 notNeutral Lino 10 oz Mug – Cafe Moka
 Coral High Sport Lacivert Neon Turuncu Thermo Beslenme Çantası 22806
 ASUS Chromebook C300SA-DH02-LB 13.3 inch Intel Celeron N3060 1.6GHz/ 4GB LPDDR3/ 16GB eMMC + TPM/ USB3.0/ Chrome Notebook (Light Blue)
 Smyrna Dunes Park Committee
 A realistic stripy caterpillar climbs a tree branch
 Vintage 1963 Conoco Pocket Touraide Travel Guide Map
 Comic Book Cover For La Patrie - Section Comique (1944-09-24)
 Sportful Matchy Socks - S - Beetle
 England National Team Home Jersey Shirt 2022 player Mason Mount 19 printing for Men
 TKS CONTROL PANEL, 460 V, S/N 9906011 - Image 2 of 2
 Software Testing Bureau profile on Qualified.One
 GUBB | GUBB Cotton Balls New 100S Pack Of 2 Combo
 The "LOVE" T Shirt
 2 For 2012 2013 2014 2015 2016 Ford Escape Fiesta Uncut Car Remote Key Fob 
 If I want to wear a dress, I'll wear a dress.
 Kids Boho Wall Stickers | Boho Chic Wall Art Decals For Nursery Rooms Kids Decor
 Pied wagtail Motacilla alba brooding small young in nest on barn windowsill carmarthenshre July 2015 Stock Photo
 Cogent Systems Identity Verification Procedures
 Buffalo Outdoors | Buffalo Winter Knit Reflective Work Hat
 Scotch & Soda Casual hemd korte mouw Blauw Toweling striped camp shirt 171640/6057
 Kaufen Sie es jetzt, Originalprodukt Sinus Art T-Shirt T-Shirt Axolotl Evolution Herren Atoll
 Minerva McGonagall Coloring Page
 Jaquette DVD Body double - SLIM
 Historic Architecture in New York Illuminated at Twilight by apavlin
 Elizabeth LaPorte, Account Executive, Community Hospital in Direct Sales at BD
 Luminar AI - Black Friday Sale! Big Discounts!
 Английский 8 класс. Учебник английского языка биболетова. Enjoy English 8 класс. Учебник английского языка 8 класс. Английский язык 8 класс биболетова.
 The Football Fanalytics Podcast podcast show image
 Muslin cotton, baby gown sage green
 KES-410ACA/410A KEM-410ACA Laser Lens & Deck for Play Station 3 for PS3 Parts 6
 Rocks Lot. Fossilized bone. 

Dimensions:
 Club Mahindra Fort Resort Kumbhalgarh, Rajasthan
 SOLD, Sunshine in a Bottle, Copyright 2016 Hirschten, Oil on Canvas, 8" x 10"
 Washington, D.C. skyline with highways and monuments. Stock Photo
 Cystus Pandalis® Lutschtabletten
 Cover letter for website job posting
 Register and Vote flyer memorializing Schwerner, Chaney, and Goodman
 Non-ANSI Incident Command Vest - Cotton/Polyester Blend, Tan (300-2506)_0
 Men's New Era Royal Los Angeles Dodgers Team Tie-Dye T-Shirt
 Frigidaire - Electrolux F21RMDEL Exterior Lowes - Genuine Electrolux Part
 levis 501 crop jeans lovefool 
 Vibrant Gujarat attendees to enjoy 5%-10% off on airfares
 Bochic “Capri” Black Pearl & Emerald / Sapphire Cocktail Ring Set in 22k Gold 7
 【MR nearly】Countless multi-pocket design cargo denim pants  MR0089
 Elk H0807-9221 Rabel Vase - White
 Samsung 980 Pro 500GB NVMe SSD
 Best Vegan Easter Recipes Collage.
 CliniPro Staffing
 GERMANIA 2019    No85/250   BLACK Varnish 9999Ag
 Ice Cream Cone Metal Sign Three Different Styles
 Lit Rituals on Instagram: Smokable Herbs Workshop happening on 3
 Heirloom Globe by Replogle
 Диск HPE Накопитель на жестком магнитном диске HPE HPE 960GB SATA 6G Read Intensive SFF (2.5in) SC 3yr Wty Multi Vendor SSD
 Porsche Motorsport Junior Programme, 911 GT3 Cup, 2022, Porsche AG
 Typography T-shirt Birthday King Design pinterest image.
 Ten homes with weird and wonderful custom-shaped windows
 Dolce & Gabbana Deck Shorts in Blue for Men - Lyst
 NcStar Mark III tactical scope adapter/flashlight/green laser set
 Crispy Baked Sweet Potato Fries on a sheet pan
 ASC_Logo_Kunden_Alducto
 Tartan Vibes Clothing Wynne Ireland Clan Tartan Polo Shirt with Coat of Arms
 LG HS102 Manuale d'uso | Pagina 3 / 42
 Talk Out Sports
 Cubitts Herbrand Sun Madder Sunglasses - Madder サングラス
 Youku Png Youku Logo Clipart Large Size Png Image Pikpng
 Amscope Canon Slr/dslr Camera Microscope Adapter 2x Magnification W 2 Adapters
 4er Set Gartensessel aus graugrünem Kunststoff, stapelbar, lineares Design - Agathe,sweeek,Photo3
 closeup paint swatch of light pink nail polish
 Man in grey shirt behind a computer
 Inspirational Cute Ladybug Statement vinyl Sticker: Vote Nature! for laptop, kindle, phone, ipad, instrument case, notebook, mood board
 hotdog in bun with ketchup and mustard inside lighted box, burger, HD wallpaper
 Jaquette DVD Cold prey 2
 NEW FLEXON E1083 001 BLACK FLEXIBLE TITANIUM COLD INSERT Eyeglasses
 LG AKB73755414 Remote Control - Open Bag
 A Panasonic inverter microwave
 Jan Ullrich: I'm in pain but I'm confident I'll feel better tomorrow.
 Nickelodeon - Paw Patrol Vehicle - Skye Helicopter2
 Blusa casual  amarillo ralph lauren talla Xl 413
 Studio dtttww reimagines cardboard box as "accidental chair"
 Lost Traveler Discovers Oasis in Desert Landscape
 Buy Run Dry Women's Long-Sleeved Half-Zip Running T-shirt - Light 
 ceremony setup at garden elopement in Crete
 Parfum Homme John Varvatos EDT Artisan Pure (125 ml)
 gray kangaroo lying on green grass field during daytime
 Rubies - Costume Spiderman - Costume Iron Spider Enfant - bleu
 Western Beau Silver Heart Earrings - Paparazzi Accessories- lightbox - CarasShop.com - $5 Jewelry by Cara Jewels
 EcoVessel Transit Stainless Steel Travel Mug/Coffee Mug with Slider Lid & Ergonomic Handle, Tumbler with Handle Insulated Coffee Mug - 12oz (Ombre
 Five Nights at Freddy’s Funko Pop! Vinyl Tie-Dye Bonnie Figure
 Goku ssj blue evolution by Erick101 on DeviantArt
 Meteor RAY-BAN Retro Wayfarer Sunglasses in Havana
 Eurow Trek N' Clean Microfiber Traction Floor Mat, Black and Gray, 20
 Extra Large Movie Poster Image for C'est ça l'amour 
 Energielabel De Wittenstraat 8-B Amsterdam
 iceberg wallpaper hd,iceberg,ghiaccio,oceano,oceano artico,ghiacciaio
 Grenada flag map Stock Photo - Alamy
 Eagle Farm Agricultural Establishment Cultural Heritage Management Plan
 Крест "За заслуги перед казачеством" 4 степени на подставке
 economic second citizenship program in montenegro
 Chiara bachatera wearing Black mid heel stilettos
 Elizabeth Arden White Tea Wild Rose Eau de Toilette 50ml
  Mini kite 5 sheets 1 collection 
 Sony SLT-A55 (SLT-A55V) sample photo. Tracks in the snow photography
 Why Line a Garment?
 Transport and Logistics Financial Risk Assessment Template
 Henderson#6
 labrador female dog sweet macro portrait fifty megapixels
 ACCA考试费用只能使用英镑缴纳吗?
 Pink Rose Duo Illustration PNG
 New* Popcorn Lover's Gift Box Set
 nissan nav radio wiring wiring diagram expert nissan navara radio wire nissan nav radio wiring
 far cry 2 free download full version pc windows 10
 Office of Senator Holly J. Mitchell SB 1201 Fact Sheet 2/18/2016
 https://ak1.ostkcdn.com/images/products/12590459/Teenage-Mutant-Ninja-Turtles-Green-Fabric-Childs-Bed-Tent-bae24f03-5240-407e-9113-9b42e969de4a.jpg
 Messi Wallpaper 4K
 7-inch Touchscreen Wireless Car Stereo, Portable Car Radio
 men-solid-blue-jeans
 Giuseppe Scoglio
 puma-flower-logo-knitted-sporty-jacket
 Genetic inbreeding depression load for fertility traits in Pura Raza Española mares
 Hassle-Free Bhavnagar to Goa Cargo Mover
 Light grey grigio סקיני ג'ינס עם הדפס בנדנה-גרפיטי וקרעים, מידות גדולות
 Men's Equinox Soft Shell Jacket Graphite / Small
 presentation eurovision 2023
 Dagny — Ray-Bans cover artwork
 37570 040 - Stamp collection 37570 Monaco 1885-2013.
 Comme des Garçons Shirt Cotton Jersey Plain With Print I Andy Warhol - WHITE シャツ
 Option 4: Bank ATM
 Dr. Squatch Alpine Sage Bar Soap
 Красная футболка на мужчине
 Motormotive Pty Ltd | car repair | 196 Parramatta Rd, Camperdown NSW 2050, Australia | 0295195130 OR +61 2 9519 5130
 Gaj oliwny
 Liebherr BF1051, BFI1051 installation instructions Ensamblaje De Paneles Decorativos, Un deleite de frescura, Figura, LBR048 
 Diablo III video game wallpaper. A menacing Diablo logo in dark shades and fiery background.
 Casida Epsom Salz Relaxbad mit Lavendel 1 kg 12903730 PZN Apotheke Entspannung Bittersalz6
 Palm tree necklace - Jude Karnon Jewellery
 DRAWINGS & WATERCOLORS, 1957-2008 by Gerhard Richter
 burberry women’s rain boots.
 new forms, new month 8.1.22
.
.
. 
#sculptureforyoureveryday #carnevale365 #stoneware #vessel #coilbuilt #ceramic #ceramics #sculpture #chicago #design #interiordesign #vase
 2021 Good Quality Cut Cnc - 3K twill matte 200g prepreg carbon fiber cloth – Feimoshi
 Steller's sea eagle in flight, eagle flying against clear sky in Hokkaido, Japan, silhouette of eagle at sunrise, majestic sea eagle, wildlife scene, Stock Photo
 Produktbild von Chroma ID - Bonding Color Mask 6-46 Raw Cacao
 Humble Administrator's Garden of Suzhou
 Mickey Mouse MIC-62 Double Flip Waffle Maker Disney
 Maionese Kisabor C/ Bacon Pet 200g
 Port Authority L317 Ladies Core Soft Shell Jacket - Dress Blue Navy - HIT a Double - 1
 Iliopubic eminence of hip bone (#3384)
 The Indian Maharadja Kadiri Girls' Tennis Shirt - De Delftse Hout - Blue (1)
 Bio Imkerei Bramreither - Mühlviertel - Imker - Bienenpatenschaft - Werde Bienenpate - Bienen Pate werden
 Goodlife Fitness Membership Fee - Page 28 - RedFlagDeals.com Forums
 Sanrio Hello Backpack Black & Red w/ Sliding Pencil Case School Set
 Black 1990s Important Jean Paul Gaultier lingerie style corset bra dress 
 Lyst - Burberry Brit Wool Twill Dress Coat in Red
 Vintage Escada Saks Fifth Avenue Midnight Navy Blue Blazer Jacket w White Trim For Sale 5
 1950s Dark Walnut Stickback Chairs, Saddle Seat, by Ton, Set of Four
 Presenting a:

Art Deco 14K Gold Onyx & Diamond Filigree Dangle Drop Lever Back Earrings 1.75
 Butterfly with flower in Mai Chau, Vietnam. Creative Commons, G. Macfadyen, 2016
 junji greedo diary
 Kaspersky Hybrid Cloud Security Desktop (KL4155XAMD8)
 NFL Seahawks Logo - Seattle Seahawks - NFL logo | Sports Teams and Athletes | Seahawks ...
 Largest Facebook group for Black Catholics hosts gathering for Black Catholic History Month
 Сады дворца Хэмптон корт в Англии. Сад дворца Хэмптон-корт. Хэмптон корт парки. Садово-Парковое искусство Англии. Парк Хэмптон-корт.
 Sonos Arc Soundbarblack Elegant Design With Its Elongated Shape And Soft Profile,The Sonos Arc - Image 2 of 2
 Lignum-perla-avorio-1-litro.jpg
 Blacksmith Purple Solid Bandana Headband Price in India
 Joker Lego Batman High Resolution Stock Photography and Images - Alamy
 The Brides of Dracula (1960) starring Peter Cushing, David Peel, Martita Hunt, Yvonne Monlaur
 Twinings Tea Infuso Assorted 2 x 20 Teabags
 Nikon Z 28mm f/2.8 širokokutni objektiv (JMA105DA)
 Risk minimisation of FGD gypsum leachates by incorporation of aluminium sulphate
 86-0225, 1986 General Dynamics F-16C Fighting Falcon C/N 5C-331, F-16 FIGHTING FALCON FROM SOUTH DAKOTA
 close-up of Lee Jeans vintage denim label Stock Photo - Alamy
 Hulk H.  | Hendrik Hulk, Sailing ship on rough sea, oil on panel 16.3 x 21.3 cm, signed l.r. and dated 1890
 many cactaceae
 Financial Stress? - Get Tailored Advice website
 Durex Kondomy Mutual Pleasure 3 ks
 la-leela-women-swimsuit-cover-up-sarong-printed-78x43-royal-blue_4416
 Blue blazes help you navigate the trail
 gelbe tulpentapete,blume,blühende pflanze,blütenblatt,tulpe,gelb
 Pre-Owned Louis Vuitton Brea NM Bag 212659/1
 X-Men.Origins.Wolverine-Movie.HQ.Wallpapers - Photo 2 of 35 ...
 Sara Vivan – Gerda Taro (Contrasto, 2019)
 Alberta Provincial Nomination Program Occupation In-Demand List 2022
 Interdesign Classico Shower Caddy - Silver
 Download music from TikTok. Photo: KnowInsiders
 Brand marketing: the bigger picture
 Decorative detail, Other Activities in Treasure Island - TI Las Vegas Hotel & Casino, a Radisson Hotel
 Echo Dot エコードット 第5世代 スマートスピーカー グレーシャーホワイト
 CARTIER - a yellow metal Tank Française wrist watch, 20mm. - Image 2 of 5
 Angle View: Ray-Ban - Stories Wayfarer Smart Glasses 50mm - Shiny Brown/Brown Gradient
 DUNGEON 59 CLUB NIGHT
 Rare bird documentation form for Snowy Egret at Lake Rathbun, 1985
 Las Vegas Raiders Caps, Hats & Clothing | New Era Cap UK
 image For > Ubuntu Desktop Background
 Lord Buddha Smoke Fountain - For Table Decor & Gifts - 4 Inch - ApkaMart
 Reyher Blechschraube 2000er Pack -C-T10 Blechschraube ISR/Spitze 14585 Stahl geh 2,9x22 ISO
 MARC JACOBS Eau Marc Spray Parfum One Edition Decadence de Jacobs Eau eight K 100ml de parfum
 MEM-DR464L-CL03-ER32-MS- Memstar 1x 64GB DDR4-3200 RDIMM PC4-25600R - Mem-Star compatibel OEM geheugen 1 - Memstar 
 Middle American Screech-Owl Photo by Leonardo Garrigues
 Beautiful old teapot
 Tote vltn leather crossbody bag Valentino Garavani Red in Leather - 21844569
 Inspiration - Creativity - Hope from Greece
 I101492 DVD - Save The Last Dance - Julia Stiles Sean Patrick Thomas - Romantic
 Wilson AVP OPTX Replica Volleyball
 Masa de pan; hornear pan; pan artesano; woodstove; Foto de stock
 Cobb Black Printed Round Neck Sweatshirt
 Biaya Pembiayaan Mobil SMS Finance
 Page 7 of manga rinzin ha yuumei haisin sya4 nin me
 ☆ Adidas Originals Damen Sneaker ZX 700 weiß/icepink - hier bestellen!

- PROBLEM TO SOLVE:
Above are the records; print exactly the lines from the line with "Historic Architecture in" to the line with "Heirloom Globe by Replogle", including both, and nothing else.

- TASK SOLUTION:
 Historic Architecture in New York Illuminated at Twilight by apavlin
 Elizabeth LaPorte, Account Executive, Community Hospital in Direct Sales at BD
 Luminar AI - Black Friday Sale! Big Discounts!
 Английский 8 класс. Учебник английского языка биболетова. Enjoy English 8 класс. Учебник английского языка 8 класс. Английский язык 8 класс биболетова.
 The Football Fanalytics Podcast podcast show image
 Muslin cotton, baby gown sage green
 KES-410ACA/410A KEM-410ACA Laser Lens & Deck for Play Station 3 for PS3 Parts 6
 Rocks Lot. Fossilized bone. 

Dimensions:
 Club Mahindra Fort Resort Kumbhalgarh, Rajasthan
 SOLD, Sunshine in a Bottle, Copyright 2016 Hirschten, Oil on Canvas, 8" x 10"
 Washington, D.C. skyline with highways and monuments. Stock Photo
 Cystus Pandalis® Lutschtabletten
 Cover letter for website job posting
 Register and Vote flyer memorializing Schwerner, Chaney, and Goodman
 Non-ANSI Incident Command Vest - Cotton/Polyester Blend, Tan (300-2506)_0
 Men's New Era Royal Los Angeles Dodgers Team Tie-Dye T-Shirt
 Frigidaire - Electrolux F21RMDEL Exterior Lowes - Genuine Electrolux Part
 levis 501 crop jeans lovefool 
 Vibrant Gujarat attendees to enjoy 5%-10% off on airfares
 Bochic “Capri” Black Pearl & Emerald / Sapphire Cocktail Ring Set in 22k Gold 7
 【MR nearly】Countless multi-pocket design cargo denim pants  MR0089
 Elk H0807-9221 Rabel Vase - White
 Samsung 980 Pro 500GB NVMe SSD
 Best Vegan Easter Recipes Collage.
 CliniPro Staffing
 GERMANIA 2019    No85/250   BLACK Varnish 9999Ag
 Ice Cream Cone Metal Sign Three Different Styles
 Lit Rituals on Instagram: Smokable Herbs Workshop happening on 3
 Heirloom Globe by Replogle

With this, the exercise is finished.